Les Petits Bouchon

local bistro

832 chaussée d’alsemberg, 1180 uccle
02 378 09 90 – site web
from tuesday to thursday, from 12pm to 2:30pm and from 7pm to 11pm
on friday, from 12pm to 2:30 and from 7pm to midnight
on saturday, from 7pm to midnight
mains: 18.50€ – 27.50€
3-course lunch: 22.50€

We wanted to open a place for zwanzeurs, says Tom, chef and owner of Les Petits Bouchons. In the dialect of Brussels, this roughly translates into a place for people who love to have a laugh, drinks have fun in general. When they took over the restaurant in May 2018, Tom and his wife Sylvie knew exactly what they were looking for: a place with a local history, looking like a bistro. A real quality Belgian restaurant, far from tourists’ traps, where he could prepare traditional recipes with some personal twists. But also a place that would be alive, with zwanze, from where customers would go home slightly drunk.

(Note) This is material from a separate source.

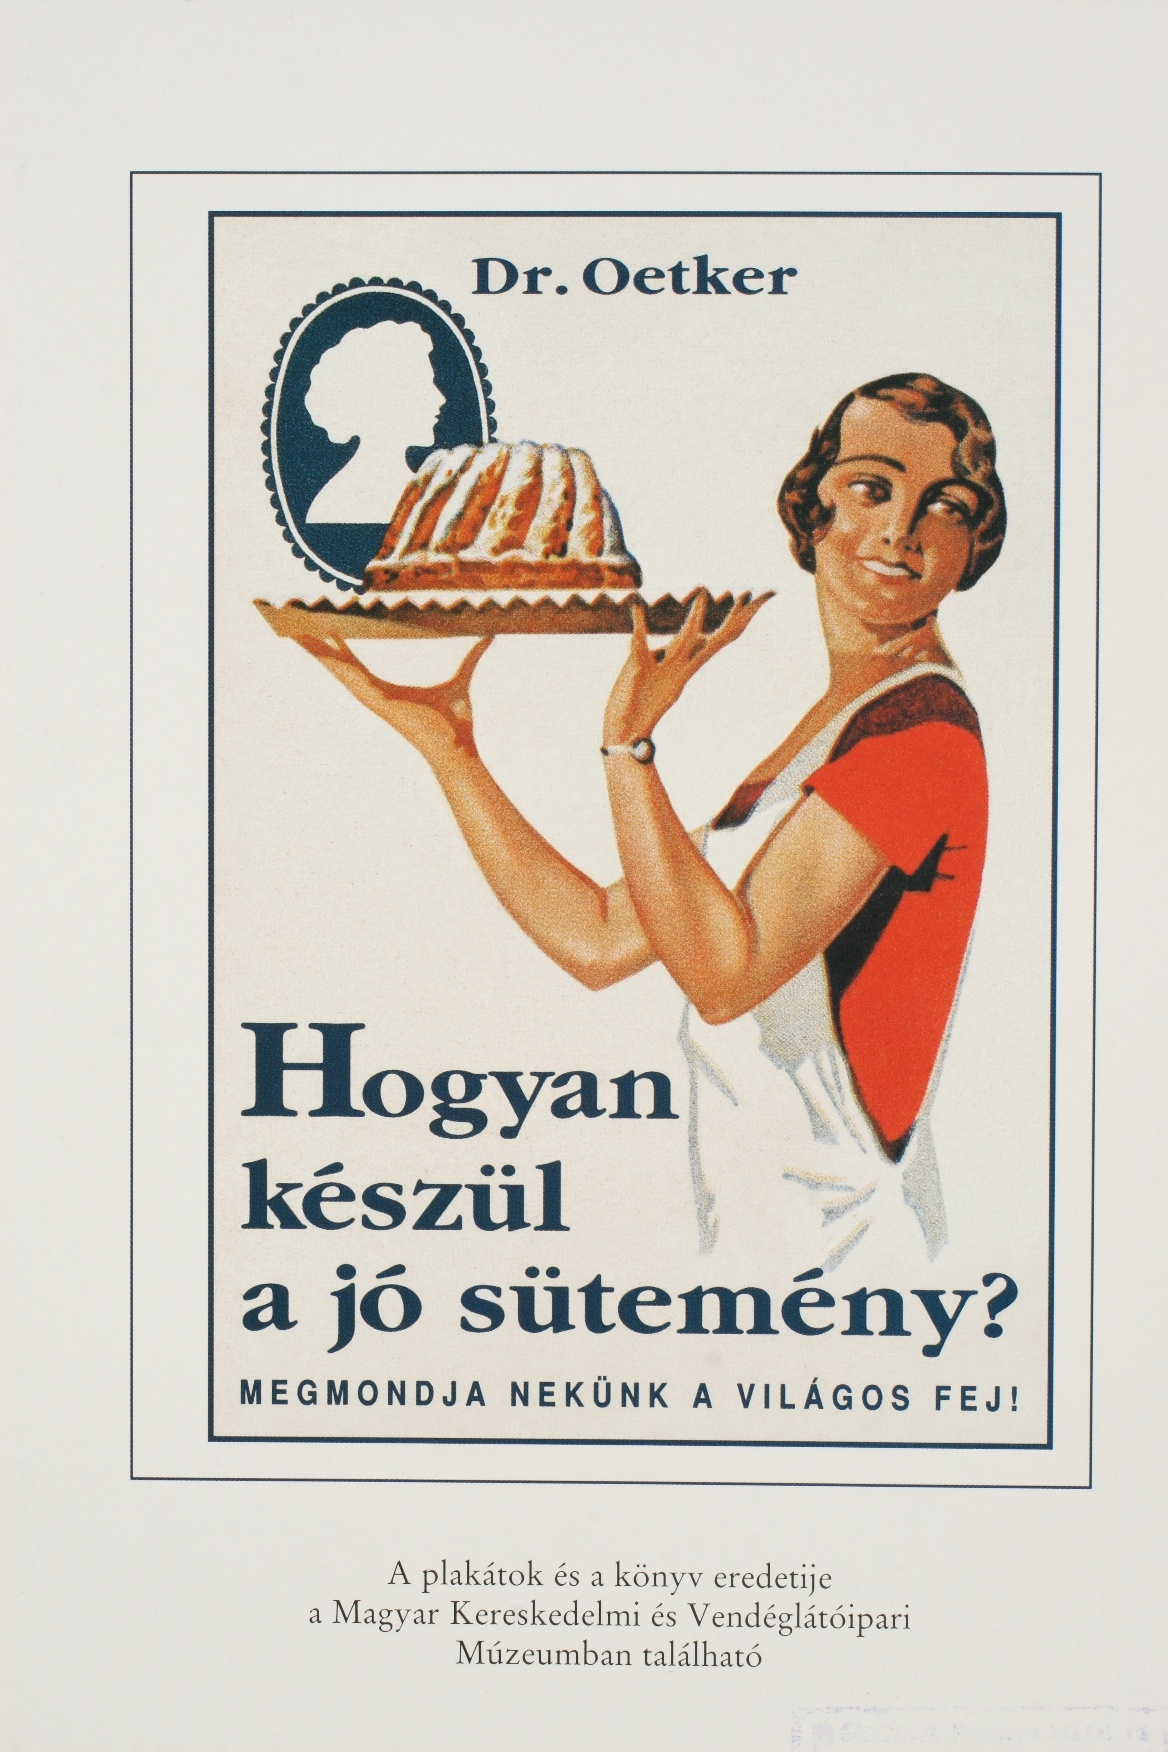 Dr. Oetker receptfüzet, reprint (Magyar Kereskedelmi és Vendéglátóipari Múzeum CC BY-NC-SA)

A place where things would happen, and mostly, not a boring and quiet restaurant. That’s everything we love, and the only other place we could compare it to, is Les Brigittines. As it turns out, Tom did actually work at Les Brigittines, among other places. After having his own bistro in Mouscron for over ten years, he worked at Café des Spores and at Les Brigittines, before taking over Les Petits Bouchons. Today, this “Flemish raised in Wallonia”, like he says so himself, reinterprets Belgian classics without altering their essence, nor doing too much. His moules-frites are Bouchot mussels, and his anguilles au vert is prepared with burbot from Ostend instead of eel. We had the white asparagus, served with yellow wine sauce and morels (17,50€), and finish the sauce with delicious bread from Hopla Geiss. To die for. Then came the shrimp croquettes (17,50€), filled with grey shrimp and extremely soft – a real success even though Tom was not yet a 100% satisfied with the breading. As for the wines, they’re mostly natural, which has caused them to be wrongly nicknamed Parisian Bistrot. All we know, is that by looking at the menu, you can’t go wrong for a second about what this place is really about.